The Short Measure of Adult Playfulness (SMAP; Proyer RT: Development and initial assessment of a short measure for adult playfulness: The SMAP, submitted) is a five-item questionnaire for the assessment of playfulness in adults. It was developed for providing a global, cognitive self-description of playfulness. A sample item is "I am a playful person." All items are positively keyed and answers are given on a 4-point answer format (from 1 = "strongly disagree" to 4 = "strongly agree"). High scores in the SMAP indicate an easy onset and high intensity of playful experiences along with the frequent display of playful activities. Proyer reports best fit for a one-dimensional solution of the data (in exploratory and confirmatory factor analyses) and high internal consistencies (≥ .80 in different samples). Furthermore, he found correlations in the expected direction and range with the need for play scale of the Personality Research Form (Jackson, 1984), Glynn and Webster's (1992), (1993) Adult Playfulness Scale, and a total score out of a list of adjectives set together based on Barnett's (2007) study, which was interpreted as support for its convergent validity. Support for the divergent validity of the instrument was found in negative relations with the seriousness scale out of the State-Trait-Cheerfulness Inventory (Ruch et al. 1996). Additionally, high and low scorers in the SMAP differed in the expected way in ratings for approval and disapproval of high and low complexity in workplaces and pieces of art. The alpha-coefficient in this sample was .86.

The Values in Action Inventory of Strengths (VIA-IS; Peterson et al. 2005; in the German adaptation by Ruch et al. 2010) consists of 240 items for the subjective assessment of 24 character strengths of Peterson and Seligman's (2004) VIA classification (10 items per strength). It uses a 5-point Likert-style format (from "very much like me" through "very much unlike me"). A sample item is "I never quit a task before it is done" (persistence). Ruch et al. (2010) reported good internal consistencies (median = .77), stabilities (the median test-retest correlation across nine months was .73), and provide information on the factorial as well as convergent validity of the German form, which has already been used in several studies (e.g., Peterson et al. 2007; Proyer and Ruch 2009; Ruch et al. 2010). The alpha-coefficients in this sample ranged from .71 (honesty) to .92 (religiousness; median = .78).

Design

Participants completed all questionnaires in an online study. This was advertised by means of leaflets handed out at public transport stations, via mailing lists, and it was posted in several online forums. Participants were not paid for their services but received a feedback on their individual strengths profile (VIA-IS) after completion of the study.

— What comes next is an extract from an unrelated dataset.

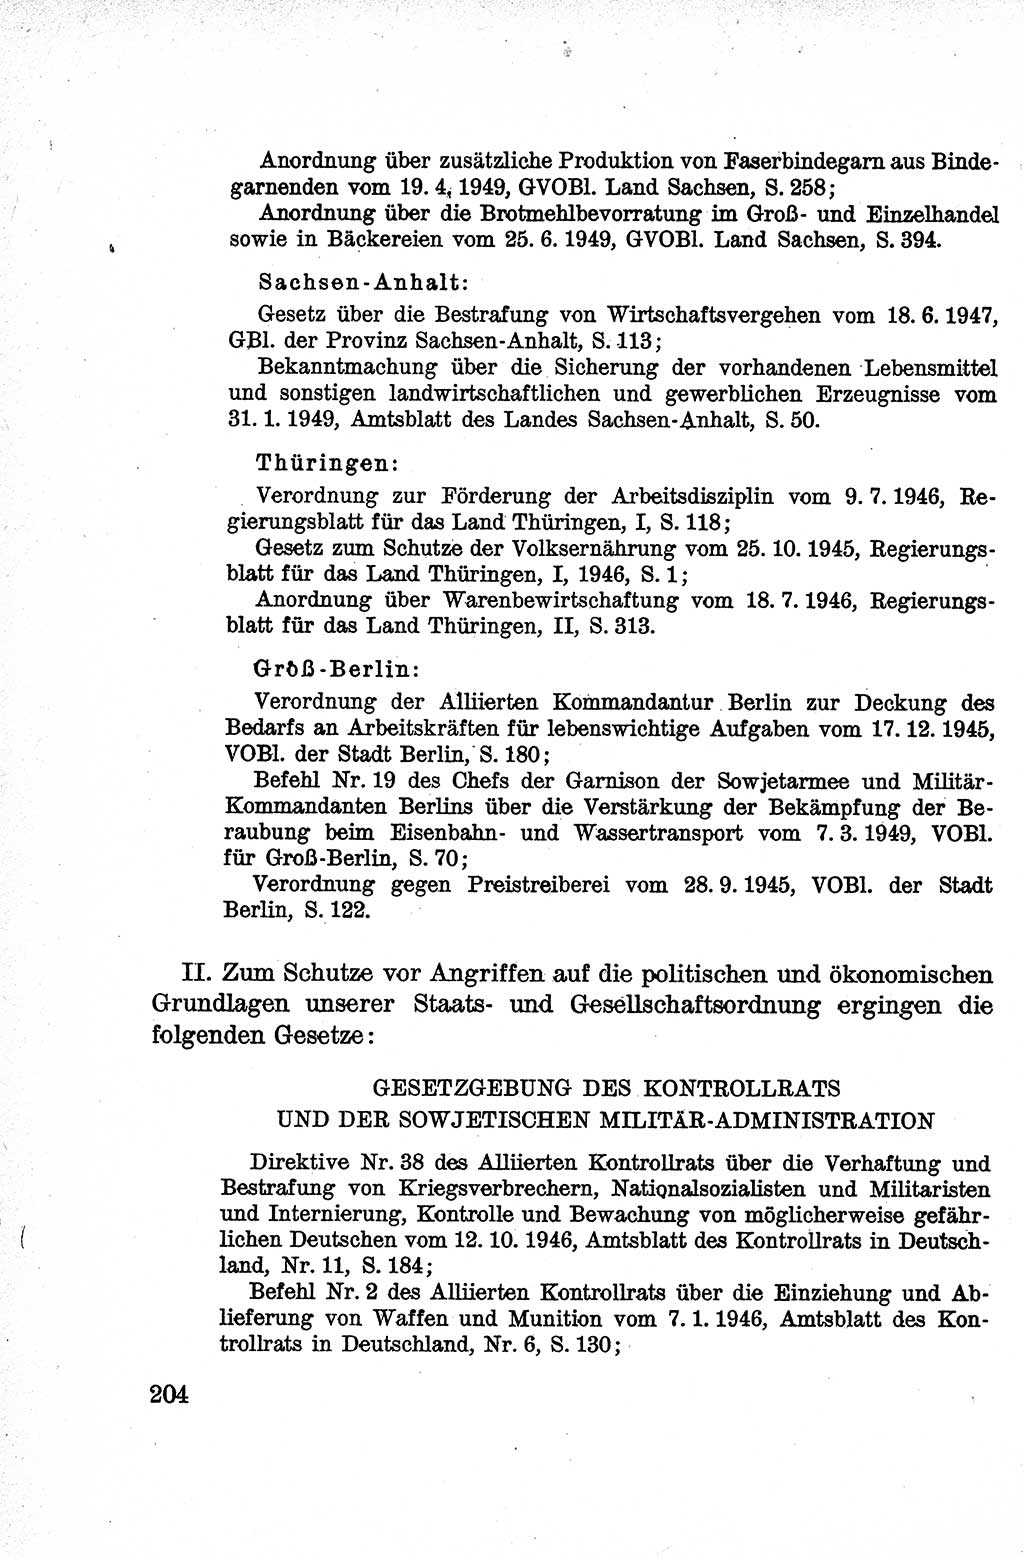 Lehrbuch des Strafrechts der Deutschen Demokratischen Republik (DDR), Allgemeiner Teil 1959, Seite 204 (Lb. Strafr. DDR AT 1959, S. 204)

Correlational analyses (Pearson correlations) were conducted for testing the relation between playfulness and character strengths. A hierarchical regression analysis with playfulness (SMAP) as criterion has been conducted; demographics were entered in a first step followed by the twenty-four VIA-strengths. A principal component analysis has been conducted for the VIA-IS. The inspection of the Eigenvalues suggested the extraction of five factors, which were rotated to the Varimax criterion. The five factor scores were correlated (Pearson) with the playfulness scales.

Results

An analysis of the descriptive statistics for all scales that entered the study indicated that they were normally distributed. Mean scores and standard deviations were comparable with earlier studies that used these instruments and the scales showed the same (small) correlations with demographics; e.g., greater religiousness in higher age (r(265) = .17, p < .01). Therefore, all subsequently conducted analyses controlled for a potential impact of demographics. Correlation coefficients among the scales are given in Table 1 (for the interpretation of single correlation coefficients it needs to be highlighted that those ≥ .23 were significant at p < .05 after controlling for multiple comparisons; Bonferroni-correction).

Table 1 The Relation of Adult Playfulness and its Facets with Strengths of Character (Partial Correlations Controlling for Sex and Age)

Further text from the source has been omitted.